Work instruction: Output the entries in full and verbatim, pictures omitted.

________________________________________

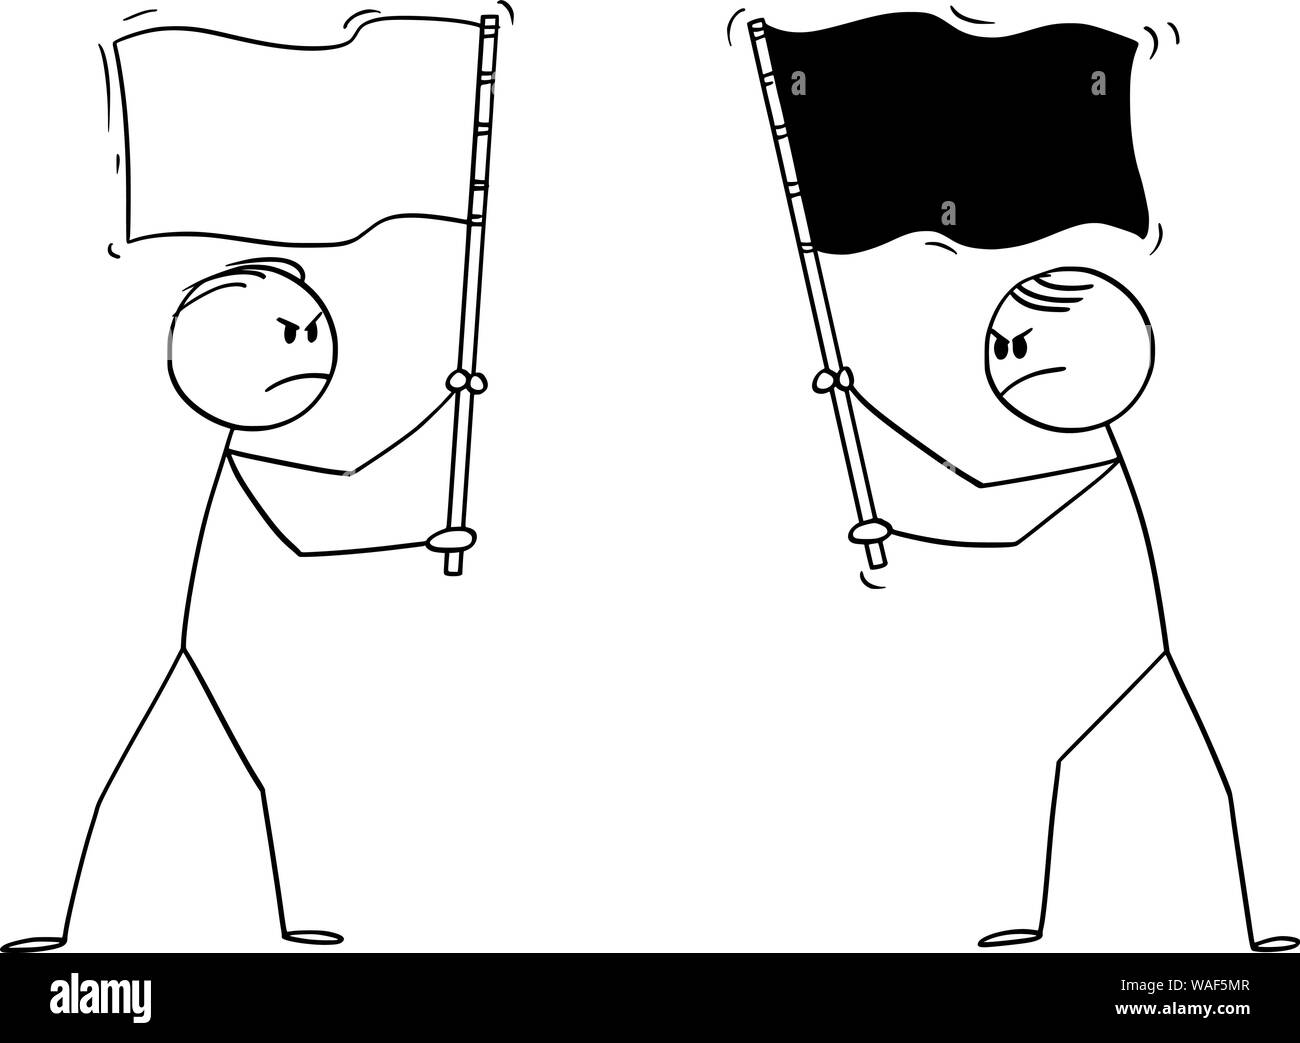 Vector cartoon stick figura disegno illustrazione concettuale di due adirato contro uomini politici o uomini di affari di diverse bandiere. Concetto di concorrenza e di ostilità. Illustrazione Vettoriale
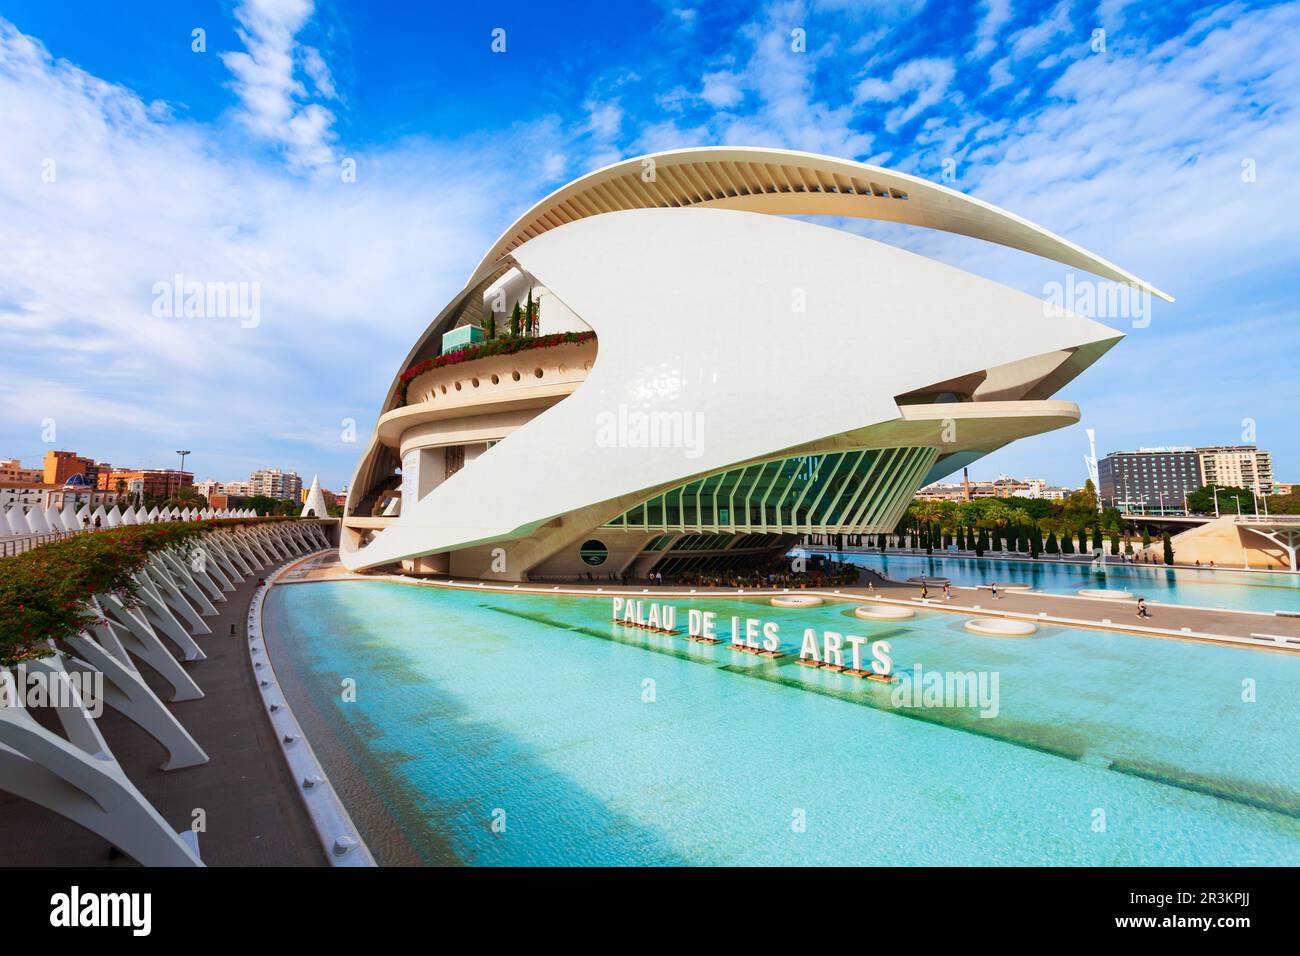 Valence, Espagne - 16 octobre 2021: Palau des Arts Reina Sofia ou la Reine Sofia le Palais des Arts est un opéra, centre artistique par Santiago Calatrava Banque D'Images
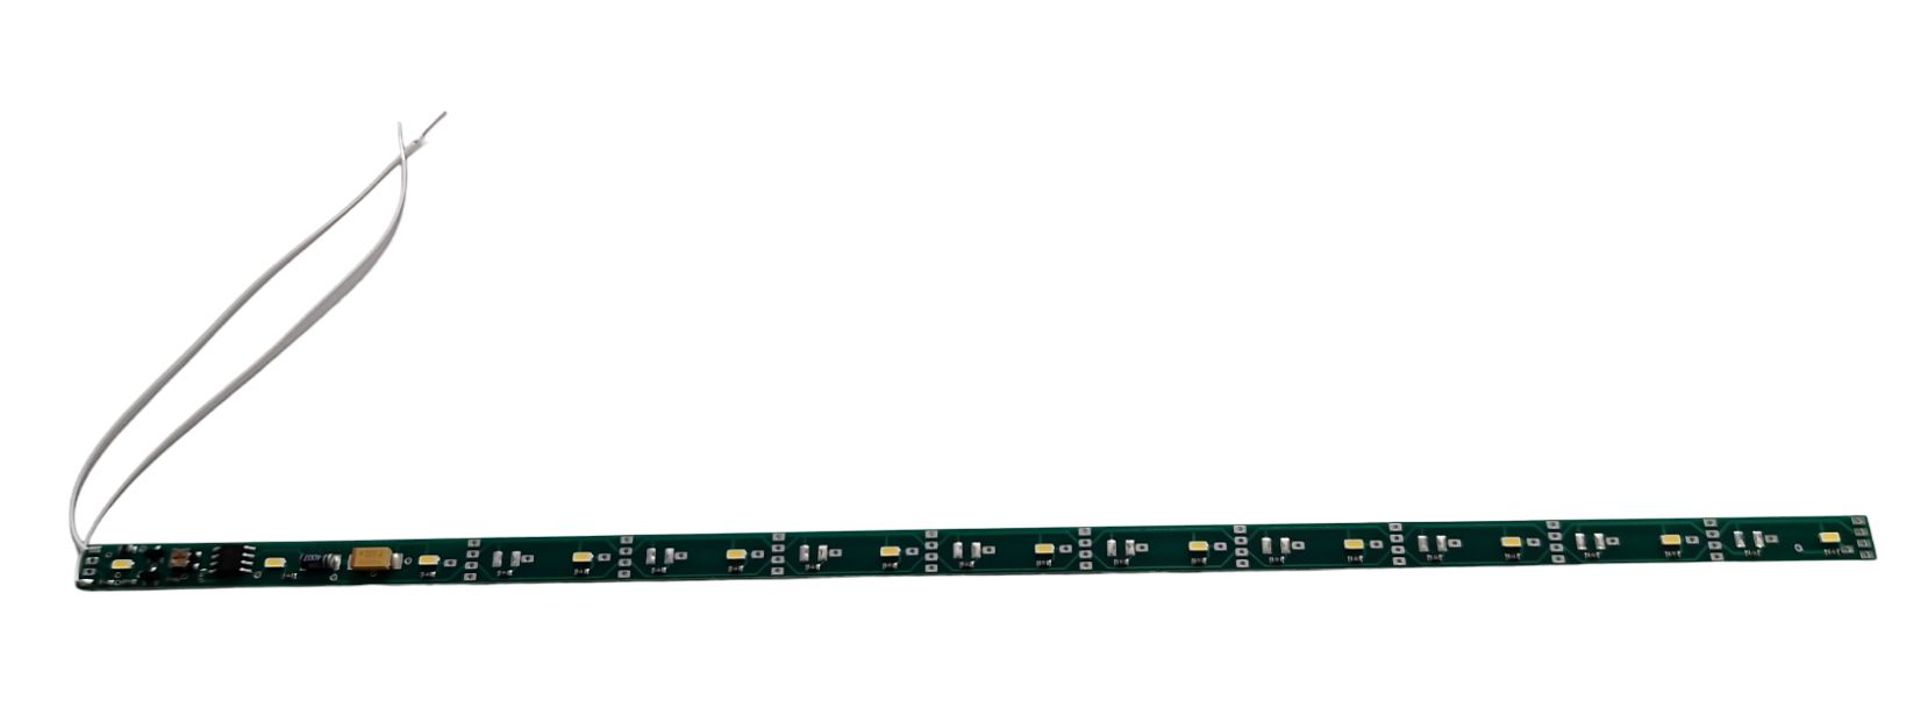 MS 13041 - Lichtleiste kaltweiss, 290 mm mit Kondensator, Elektronik unten
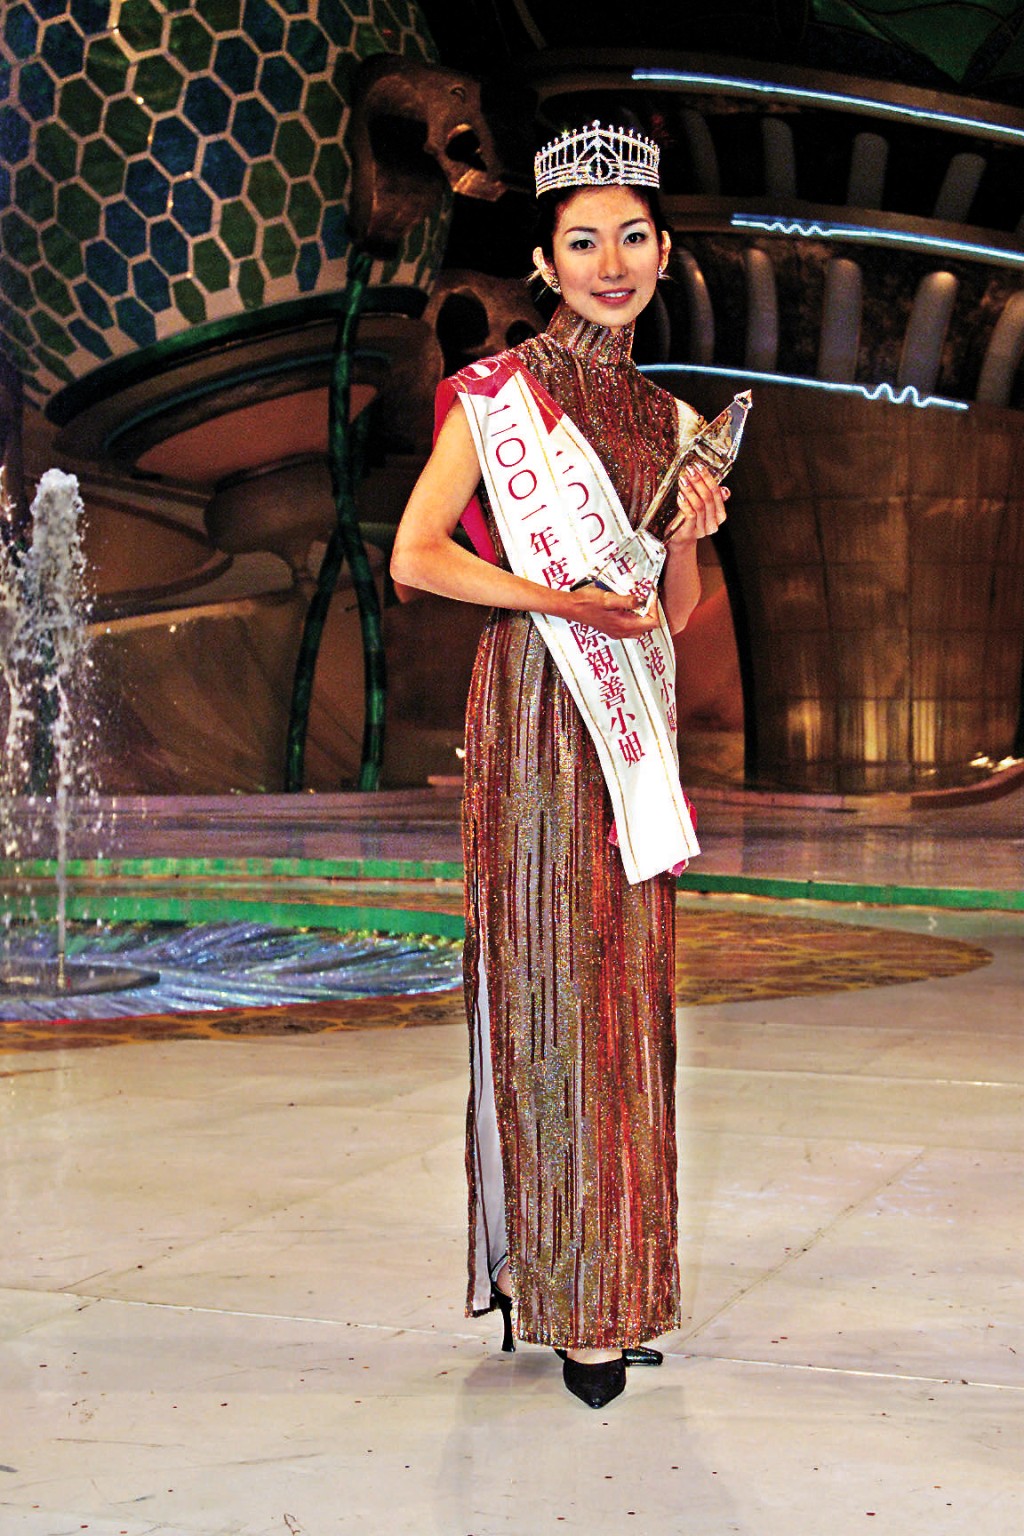 朱凯婷2001年参选港姐获得季军入行。
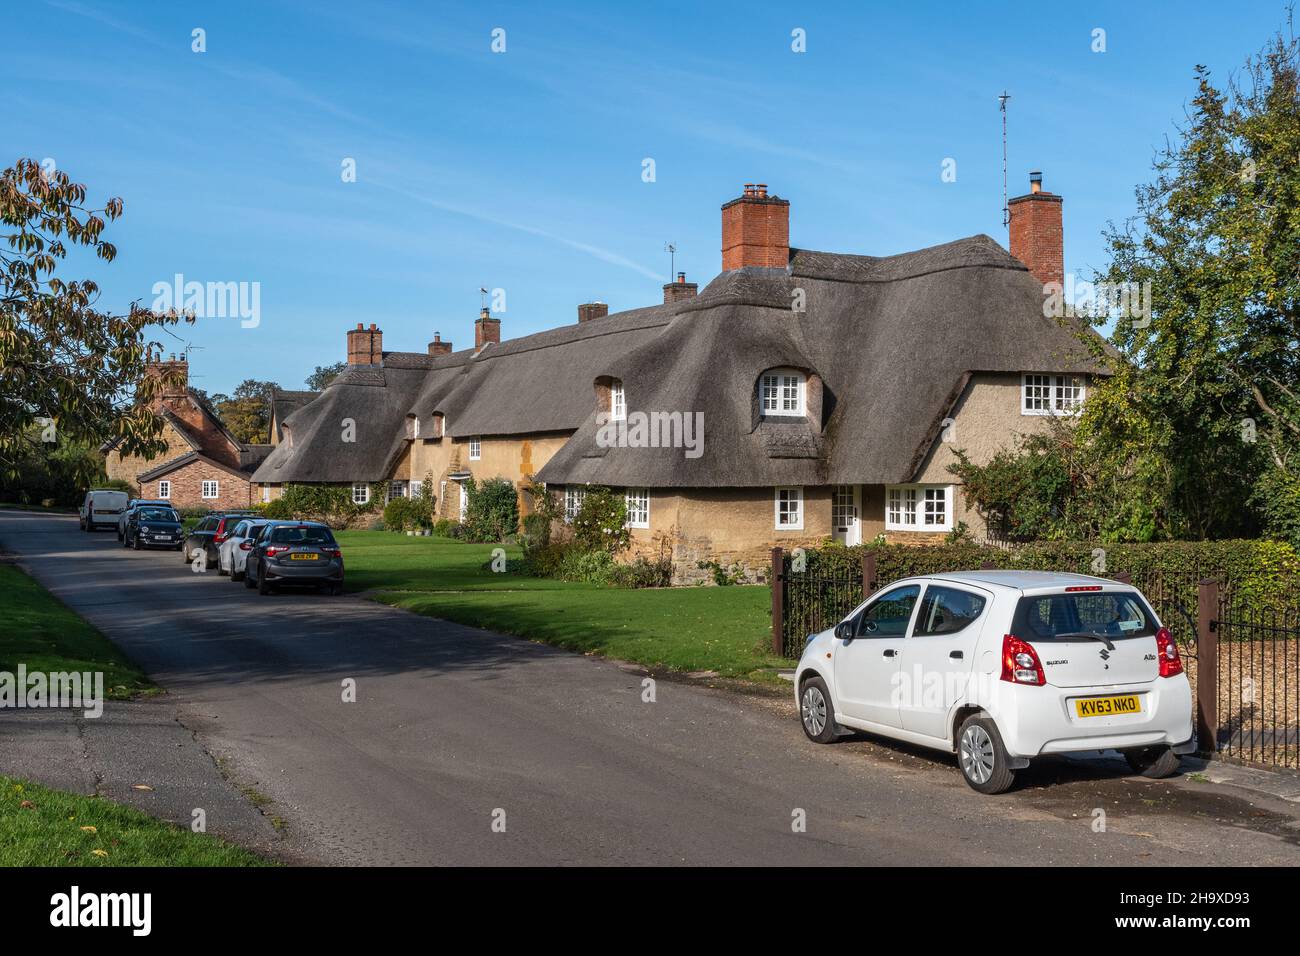 Scena stradale, con case di paglia, nel grazioso villaggio di Ashby St Ledgers, Northamptonshire, Regno Unito Foto Stock

________________________________________

Exercise answer:
 Vector cartoon stick figura disegno illustrazione concettuale di due adirato contro uomini politici o uomini di affari di diverse bandiere. Concetto di concorrenza e di ostilità. Illustrazione Vettoriale
 Valence, Espagne - 16 octobre 2021: Palau des Arts Reina Sofia ou la Reine Sofia le Palais des Arts est un opéra, centre artistique par Santiago Calatrava Banque D'Images
 MS 13041 - Lichtleiste kaltweiss, 290 mm mit Kondensator, Elektronik unten
 朱凯婷2001年参选港姐获得季军入行。
 Scena stradale, con case di paglia, nel grazioso villaggio di Ashby St Ledgers, Northamptonshire, Regno Unito Foto Stock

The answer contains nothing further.